A group of Korean agriculture students visited a cattle ranch outside St. Louis to learn about the cattle and beef industry in the United States. All of the students are majoring in beef, chicken or grain farming in their home country.
Bill McLaren, a rancher who runs three beef herds, invited the students to tour his ranch after receiving a request from the Missouri Beef Industry Council.
During their stay in Missouri, the students were able to interact with the cattle and ask McLaren and Missouri Beef Council CFO, David Althoff, questions about the U.S. beef industry. The students were primarily interested in price stability and profitability in a declining market.
Through use of a translator, one student explained that Korea’s government is trying hard to improve the quality of beef produced. The student asked McLaren if more high-grade beef was on the market, wouldn’t prices for that grade drop? McLaren answered that this would be the case, but cows contain very little prime meat.

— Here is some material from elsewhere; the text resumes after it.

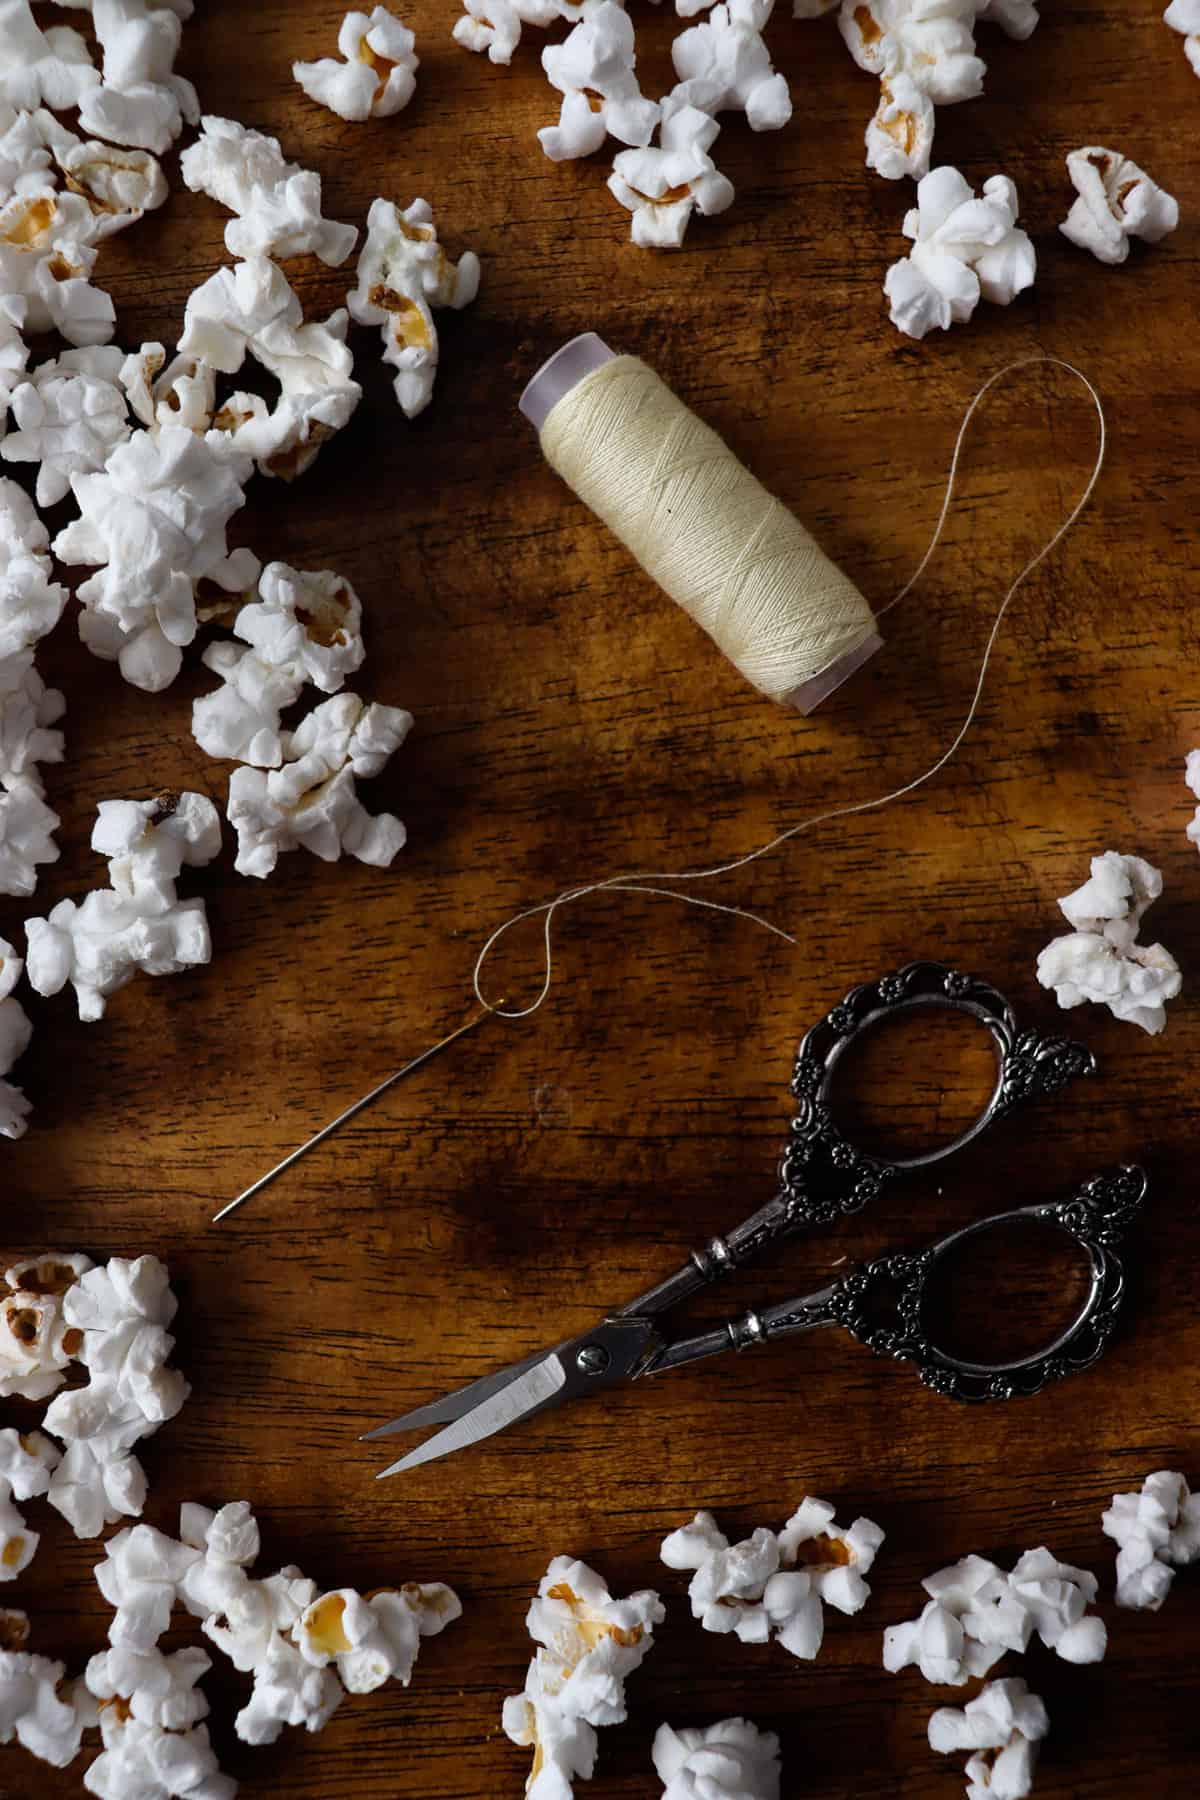 popcorn, scissors, string, and thread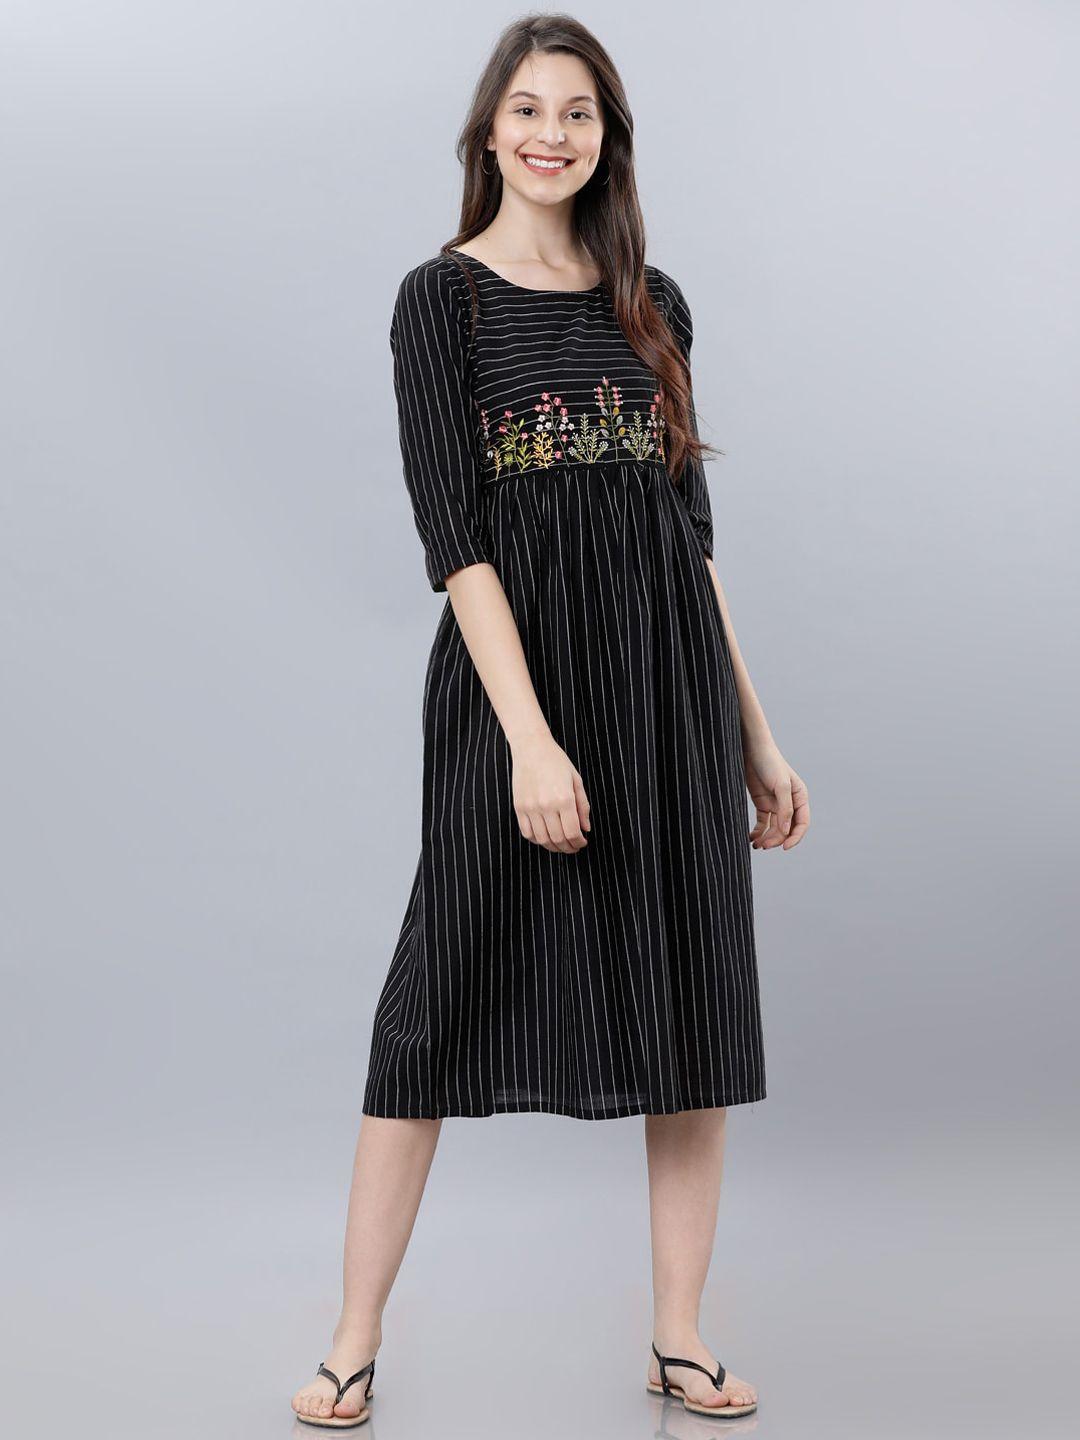 vishudh-women-black-striped-empire-dress

“It would be a long time before we flood the market with prime beef,” McLaren said.
Throughout the tour and Q&A, the students learned many differences about farming practices in Korea and in the U.S. The students watched the cattle in the field and noticed how relaxed the cattle were when going through chutes for insemination and vaccination.
“They were amazed at how calm the grass-fed cows are,” McLaren said. “In Korea, there is no pasture, all cows are fed in buildings. We explained that we work for low stress on the cows and on the farmhands.”